Однако в конце концов мир, пожалуй, не так уж плох, если природа способна порождать таких существ, как Бренда. Этой бесконечной ночью Маркус собирался насладиться каждой пядью ее тела.
Он вспомнил, что у него есть бутылочка «Баллантайн», и засновал туда-сюда по номеру, готовя виски. Бренда откинулась на единственное имевшееся кресло и положила ногу на ногу. Рядом с ней, стоило только руку протянуть, стоял столик, заваленный тем, чем Маркус пользовался почти ежедневно: липомоделирующими лосьонами, косметическими кремами, наборами линз, ароматизаторами и капиллярными красителями. Среди разномастных флаконов лежала черная маска. Бренда взяла ее в руки.
– Поосторожнее с ней, мне она завтра понадобится, – предупредил Маркус. Он нес разлитое по бокалам виски, но вдруг остановился. – Вот блин!..
Он только что вспомнил, что оставил сумку с красками (и с каталогами, и с плюмажем, блядь) в ресторане Рудольфа. Но было уже слишком поздно, чтоб за ней возвращаться. «Ничего, – подумал он, – Рудольф ее припрячет».
Бренда положила маску на место.
– Я думала, ты выставляешься только у Макса Эрнста.
Все еще в мыслях о забытой сумке, Маркус рассеянно ответил:
– Нет, я работаю еще в одной картине Джанфранко Жильи, дублером, но только по вторникам. Завтра вечером надо идти. В общем-то в Мюнхен я приехал в основном из-за картины Жильи. Налить еще?
– Если ты будешь, да.
Ответ Маркусу понравился, и он налил две большие порции. Ночь обещала быть долгой. «Завтра перед уходом зайду в ресторан и заберу сумку, – подумал он. – И никаких проблем».
– В какой галерее ты выставляешься с Жильи? – спросила Бренда.
Он собирался выдать привычную заготовку («То в одной, то в другой»), но, встретив спокойный взгляд девушки, решил, что скрывать ему нечего.
– Ни в какой, – сказал он.
– Тебя купили?
– Да, одна гостиница, – усмехнулся Маркус («Моя большая тайна!» – со стыдом подумал он). – «Вундербар», знаешь такую?
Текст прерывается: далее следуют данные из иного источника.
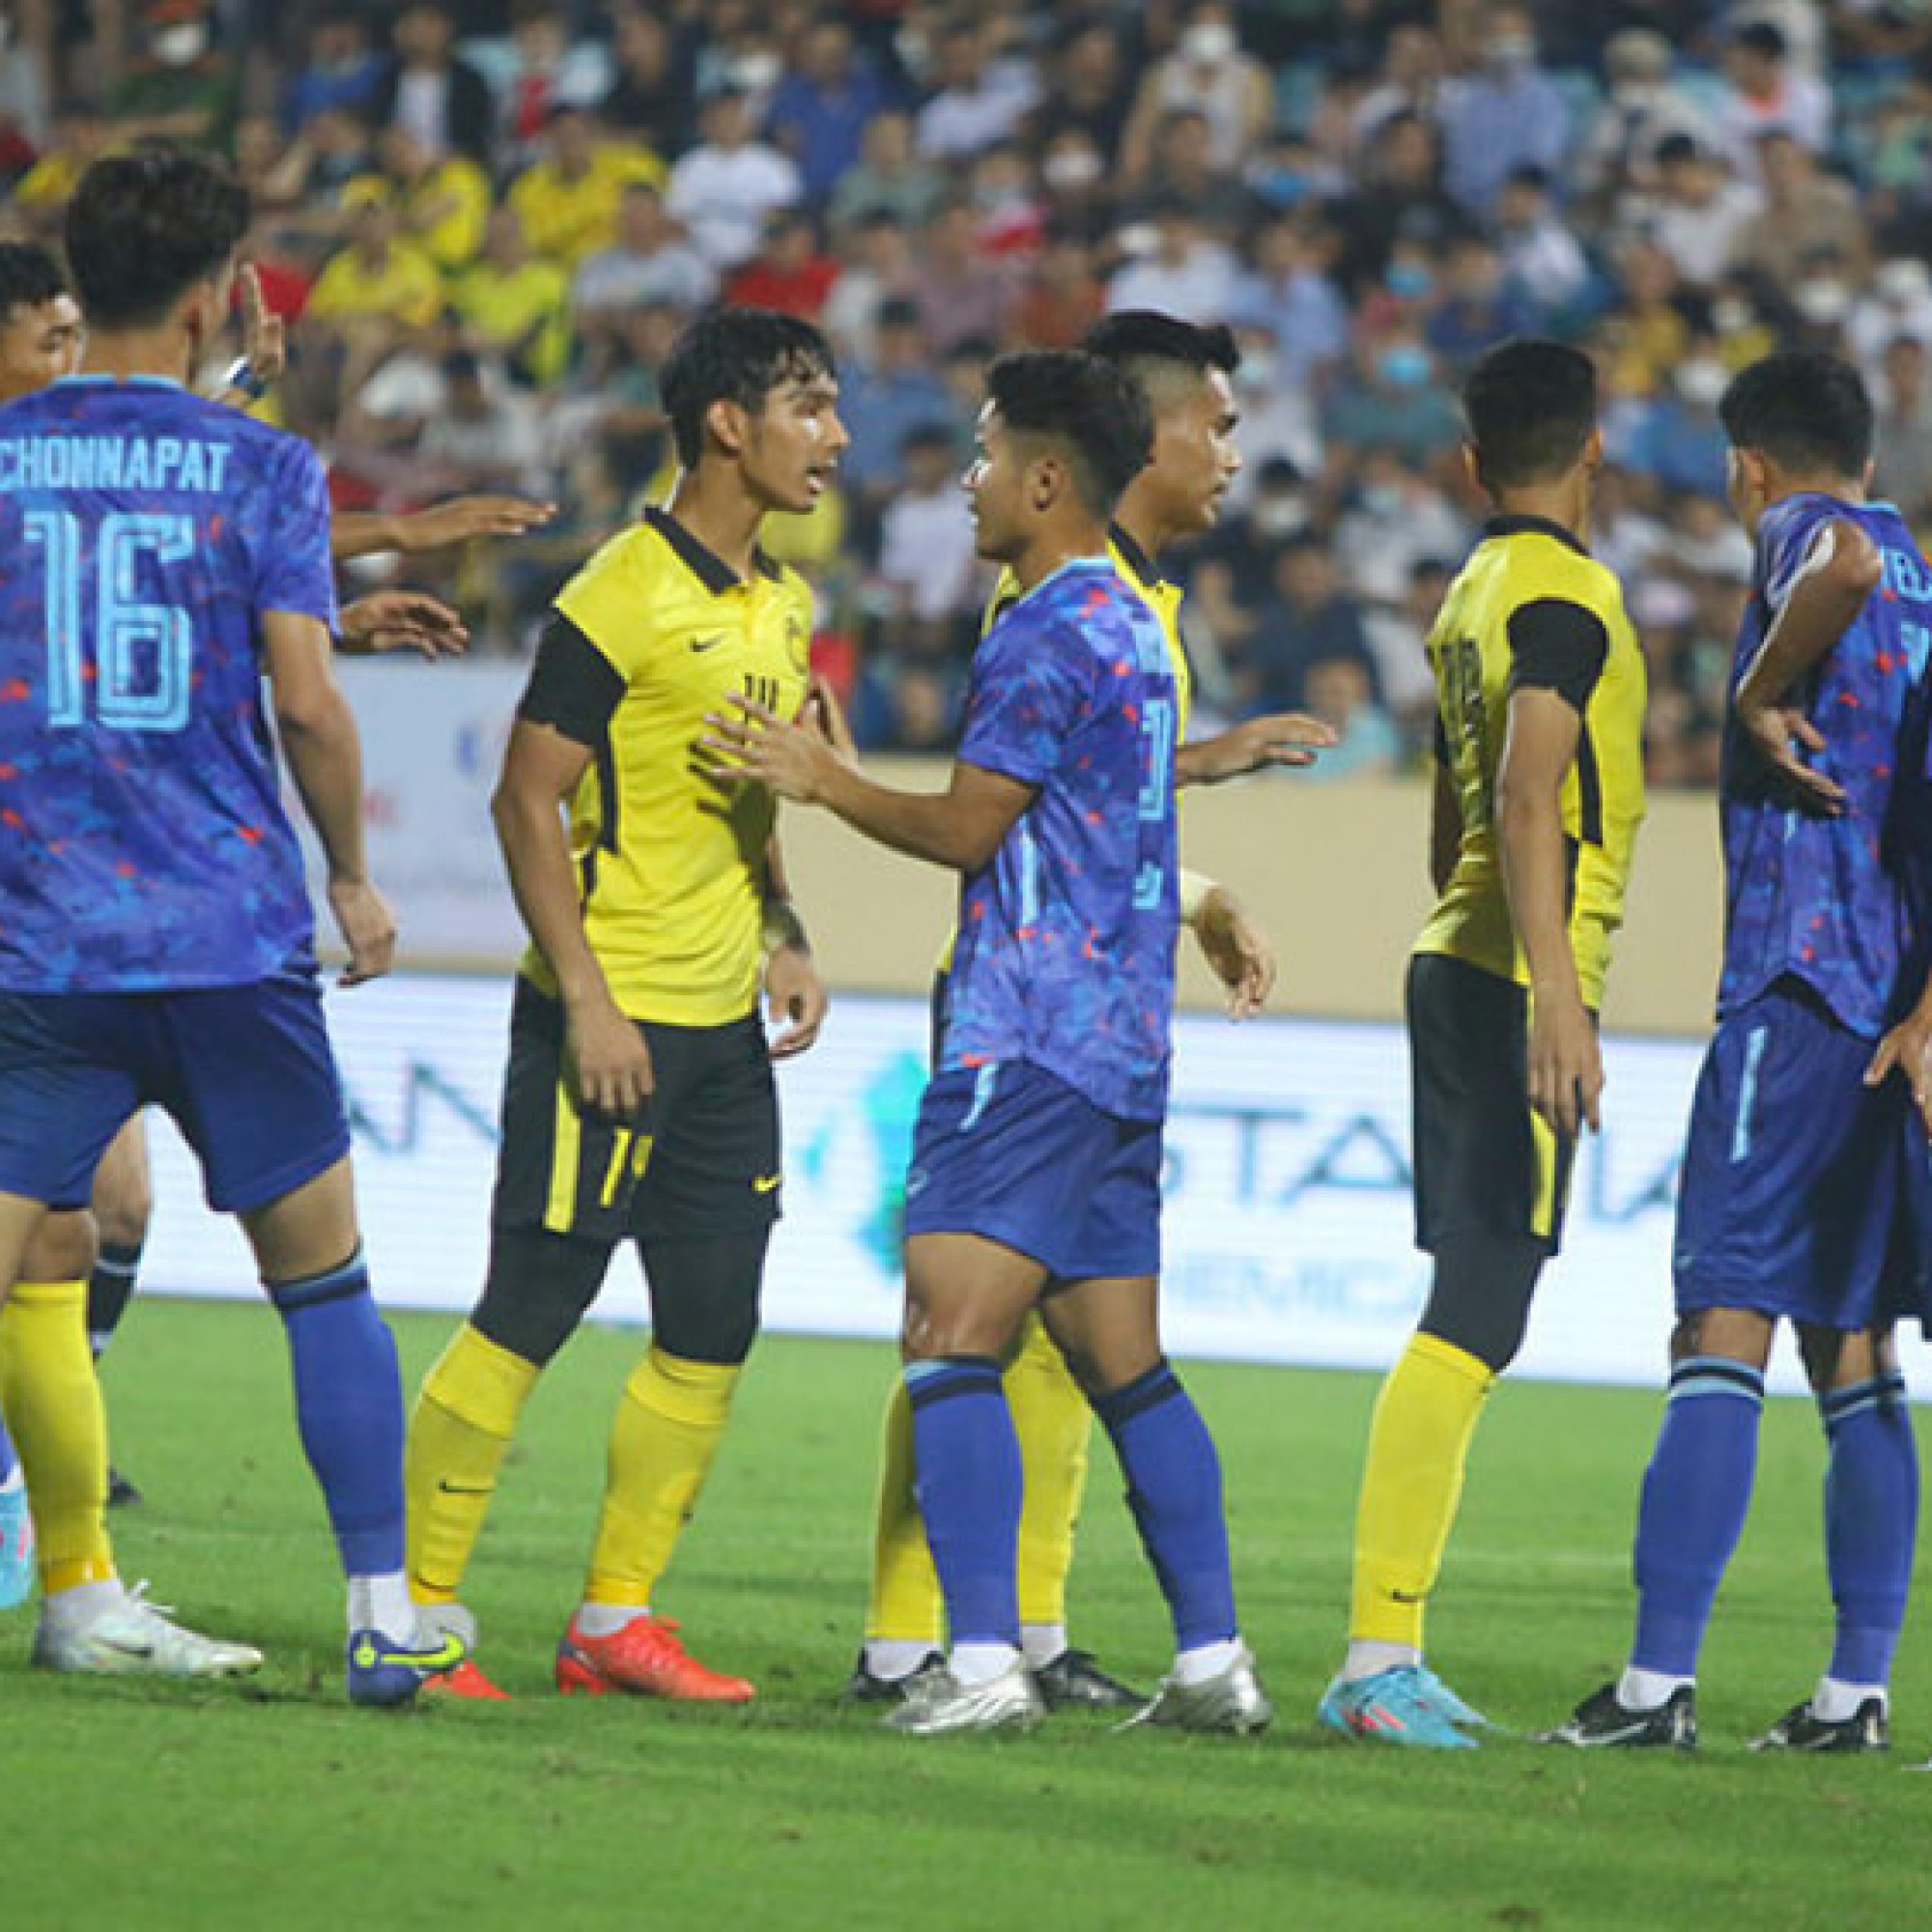 Thể thao - Sao U23 Thái Lan và Malaysia suýt choảng nhau, va chạm nảy lửa như đấu võ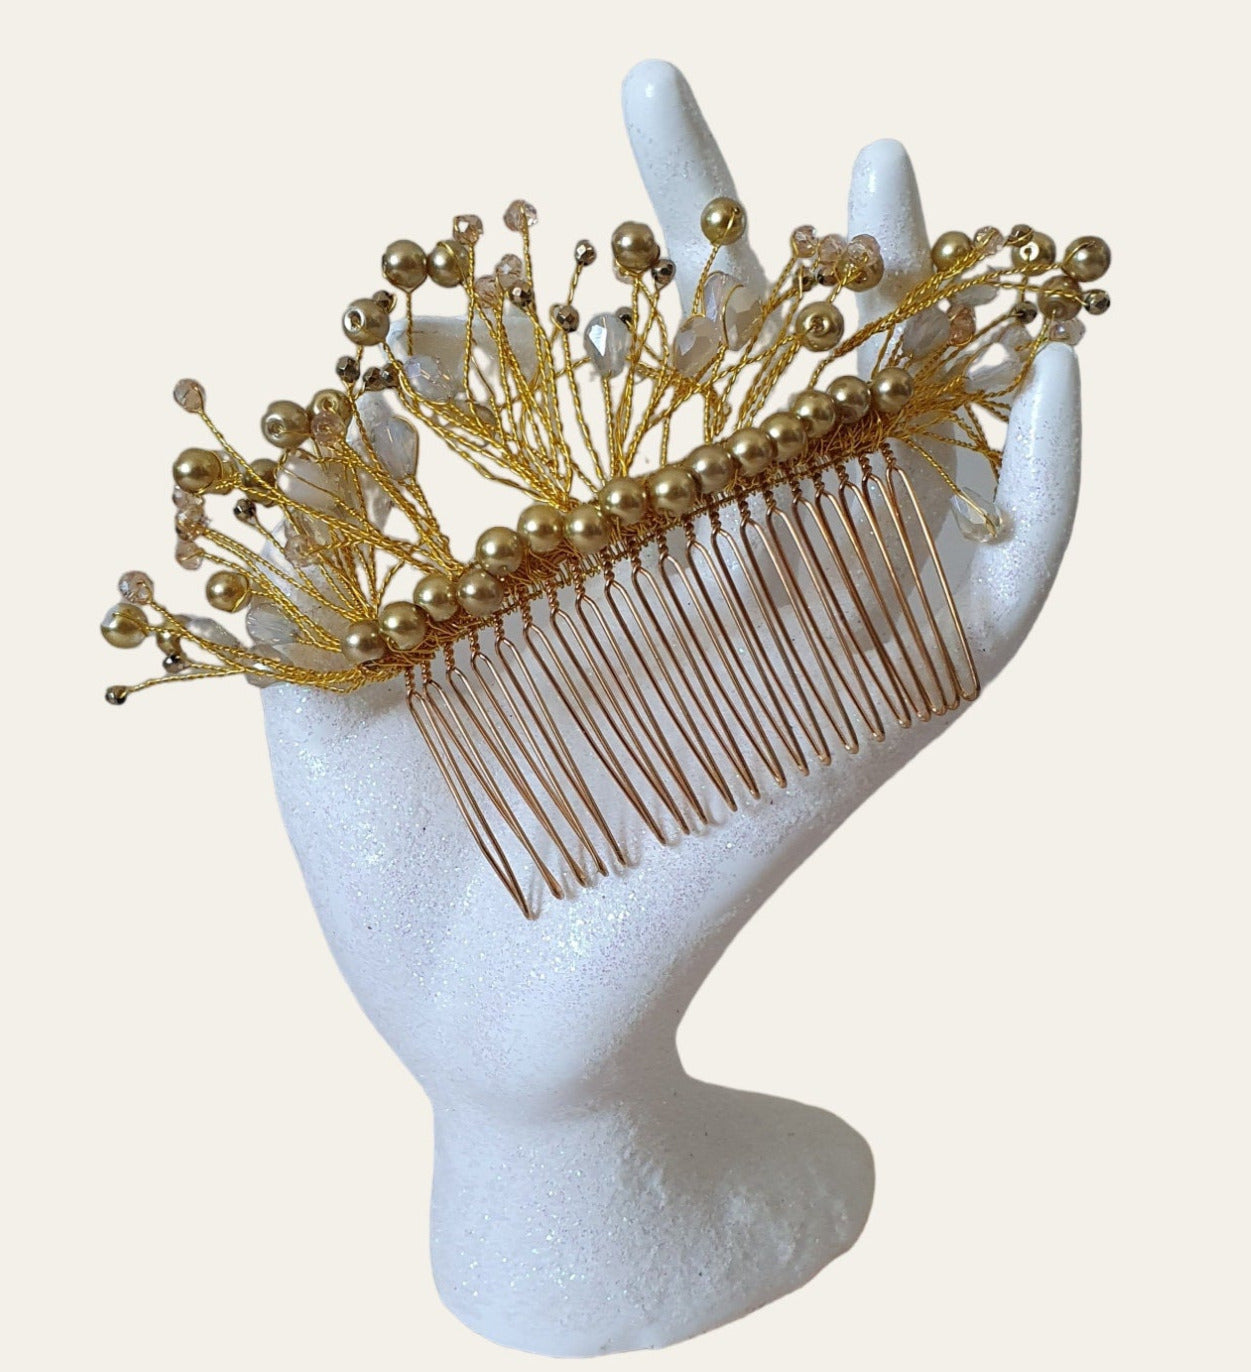 Peineta de novia hecha a mano con perlas y piedras caídas - Elegante accesorio para el cabello para bodas, bodas y fiestas, peineta de metal de color dorado

Одна из самых новых и роскошных гостиниц Мюнхена. Ее главное достоинство заключается в том, что она украшена гипердраматическими картинами. Сейчас это уже не в новинку, но когда ее открыли, она была чуть ли не единственной немецкой гостиницей такого рода. Я – картина в одном из номеров-люкс. Что скажешь?
– Неплохо, если тебе хорошо платят.
Как она была права! Одной-единственной фразой Бренда доказала ему, что стыдиться нечего.
– Платят очень хорошо. И на самом деле ничего страшного, что я стою в гостинице. Я – профессиональная картина, мне все равно, где меня ставят. Проблема в постояльцах. – Он скривился и отпил из бокала. – Но, если ты не против, давай сменим тему…
– Хорошо.
Бренда ничего не хотела, ничего не просила, не проявляла никакого любопытства. И эта тактика закрытого сундука рушила все защитные линии Маркуса.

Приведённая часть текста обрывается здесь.